Beginning at the line that contains "DO NOT TRUST THE BUTLER!", reproduce the entries below exactly, ending with the line that contains "vitaminz design's profile banner". Omit each picture.

(The data begins)

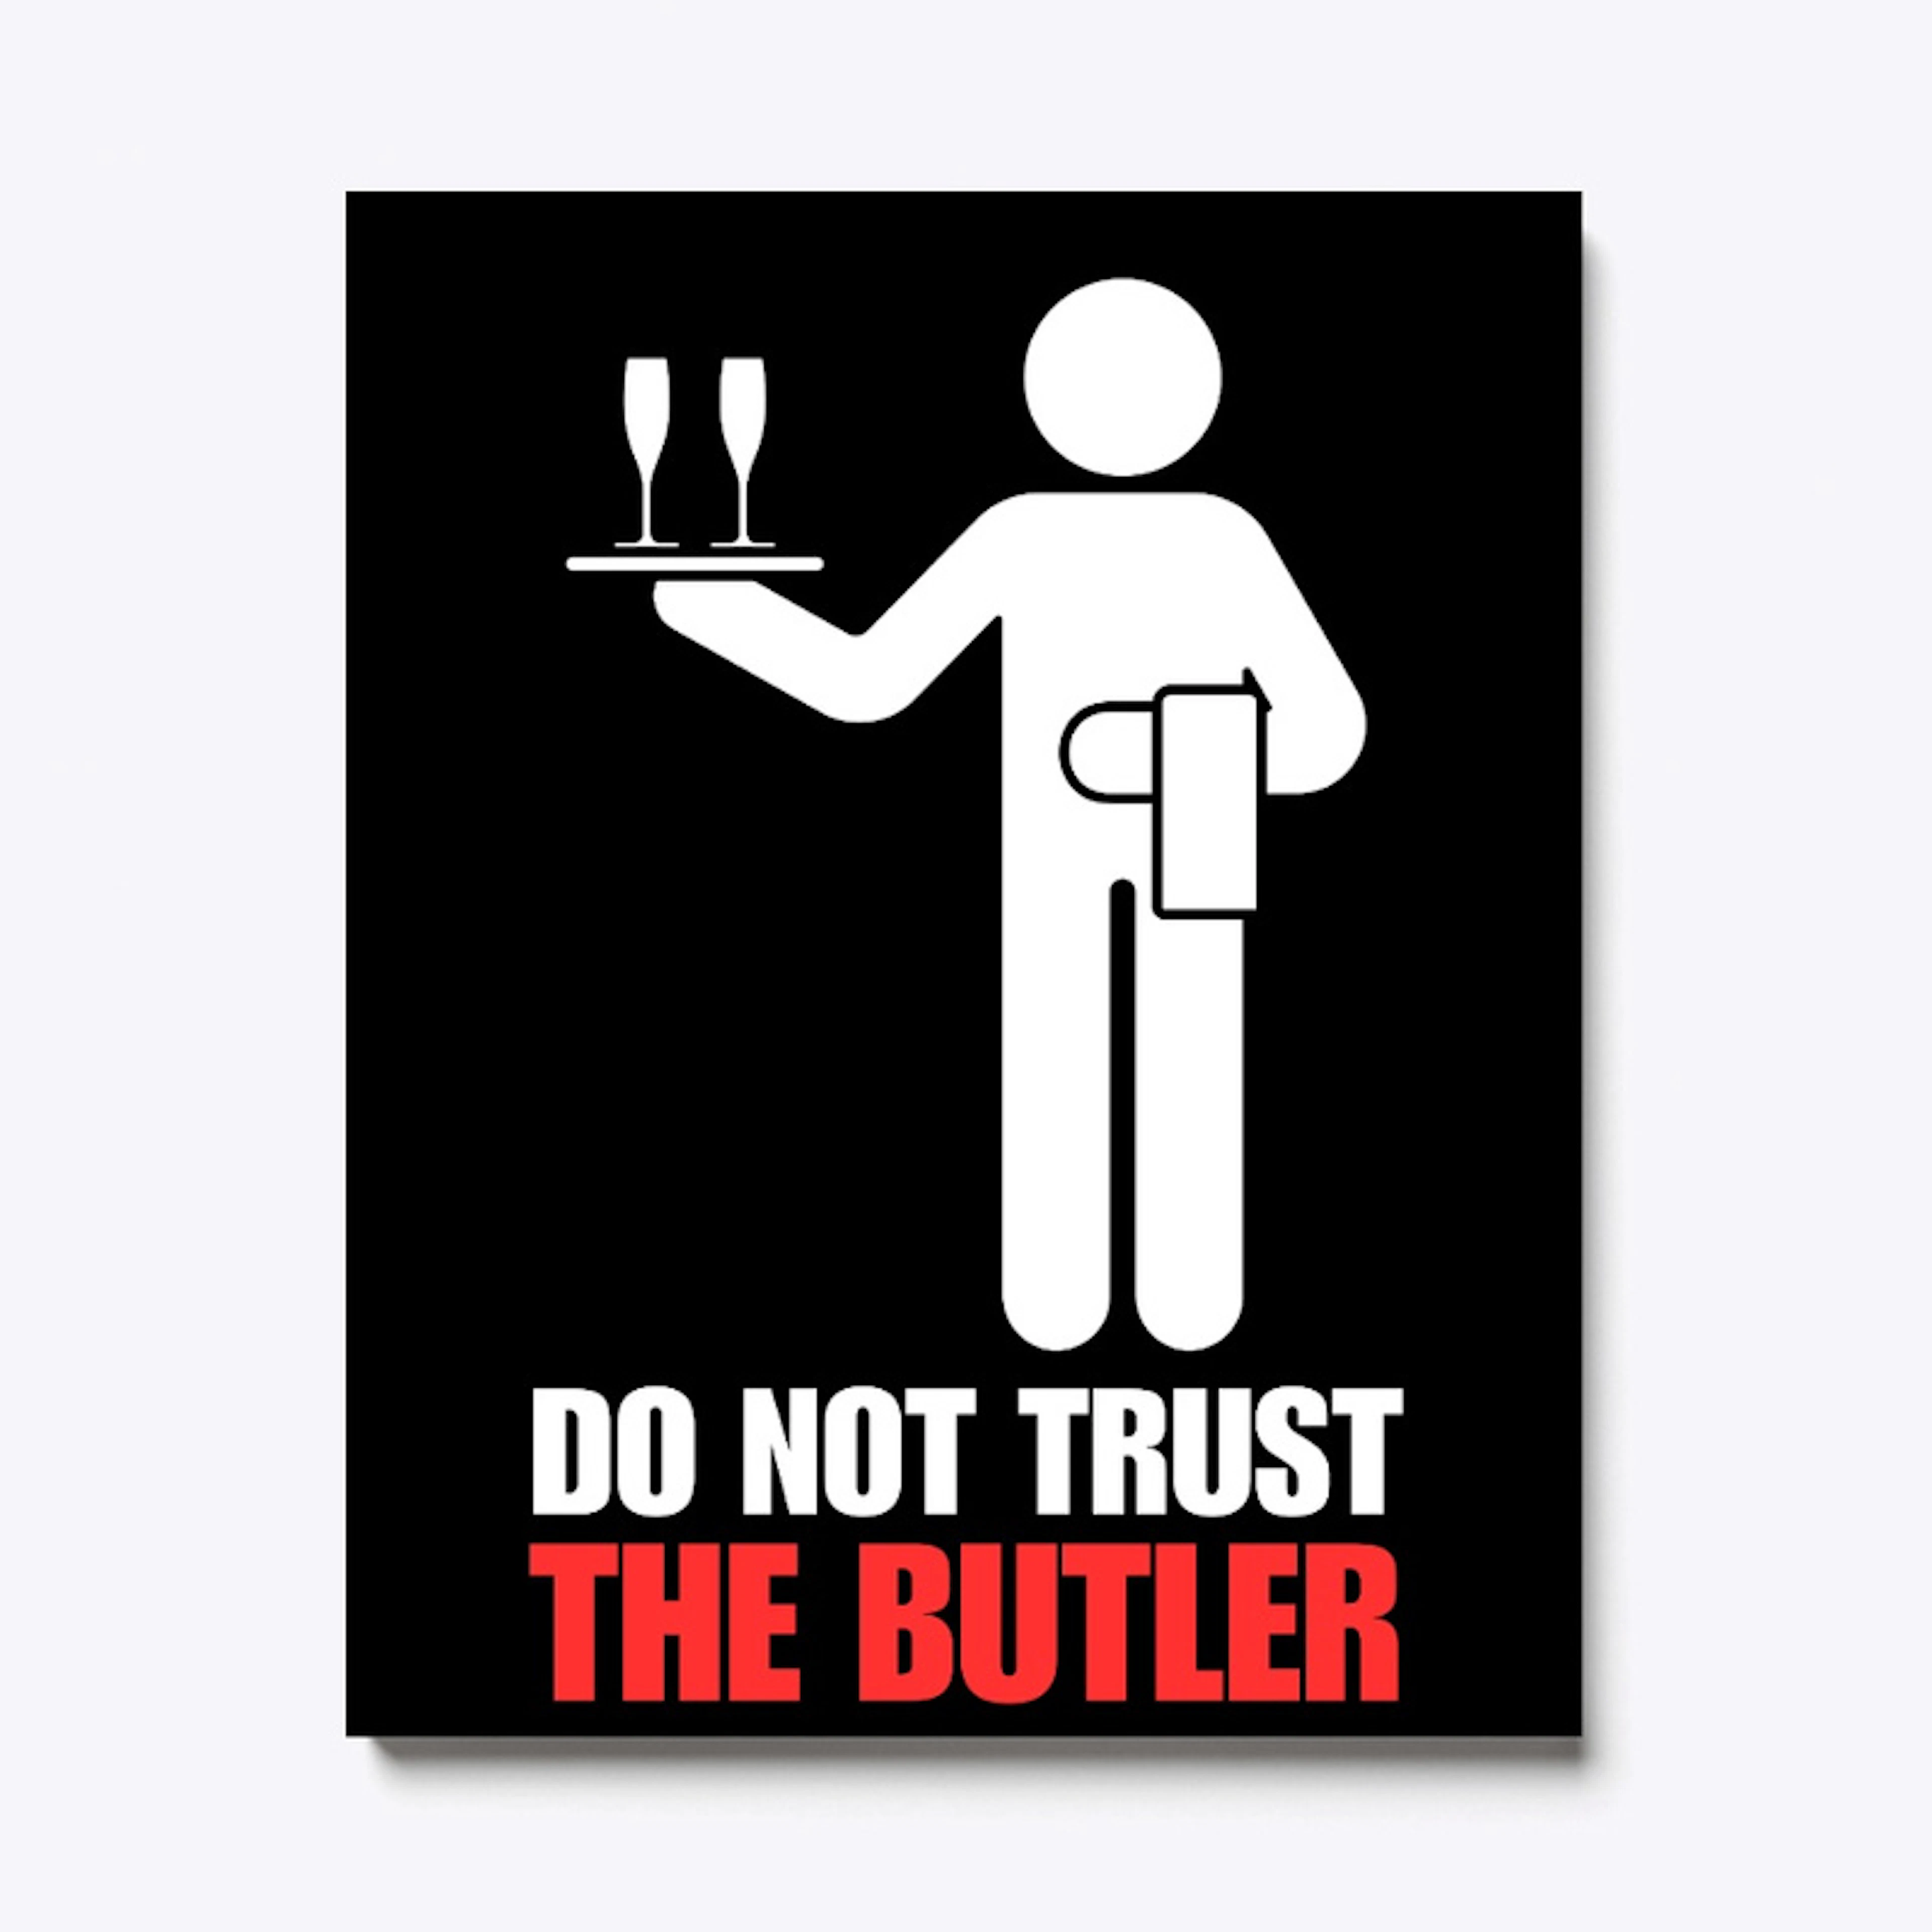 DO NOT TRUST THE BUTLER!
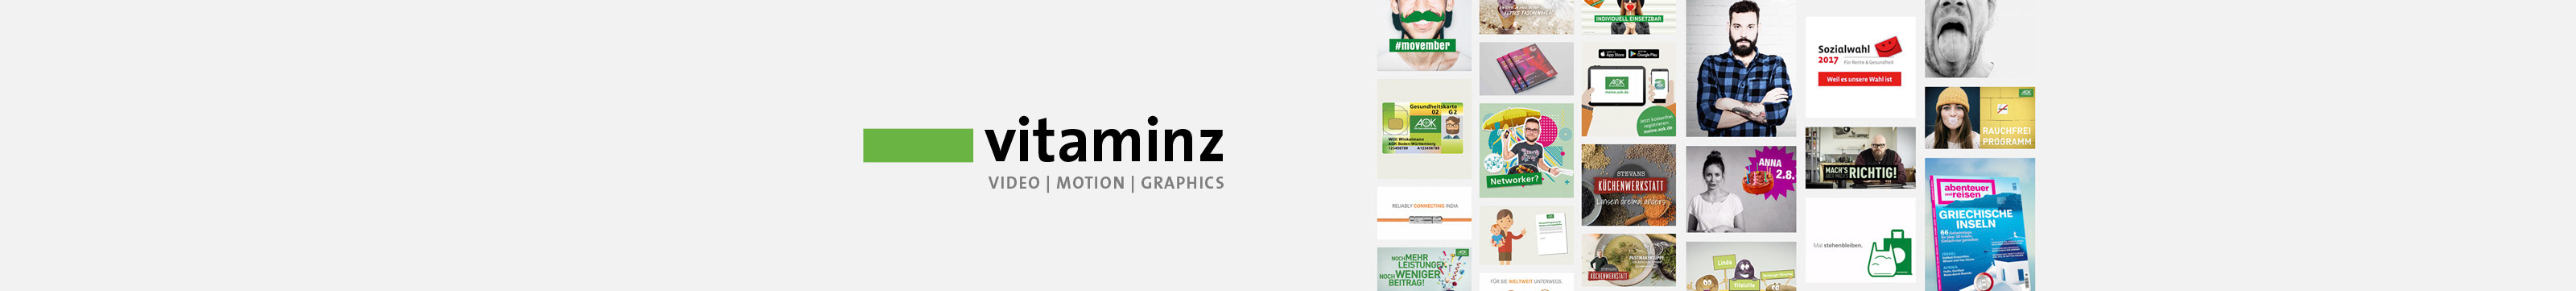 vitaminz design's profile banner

(The data ends)
(The data begins)

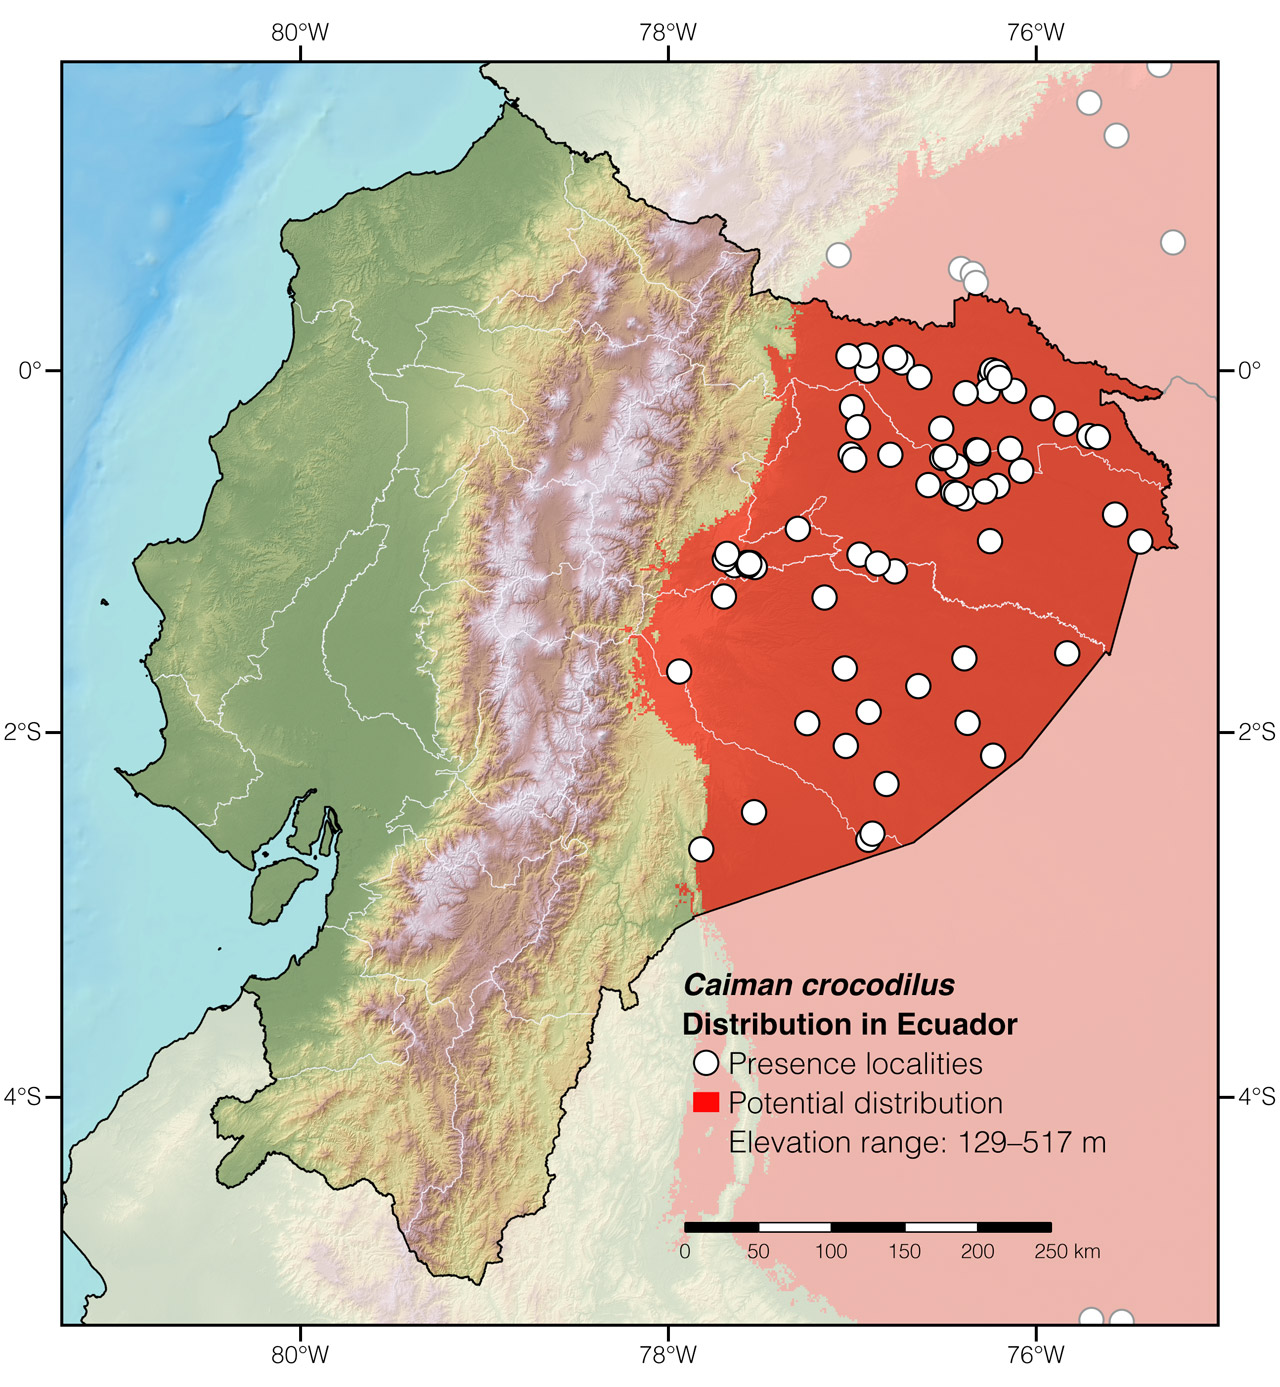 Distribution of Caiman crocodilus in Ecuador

(The data ends)

◆ Answer to this problem
 DO NOT TRUST THE BUTLER!
 vitaminz design's profile banner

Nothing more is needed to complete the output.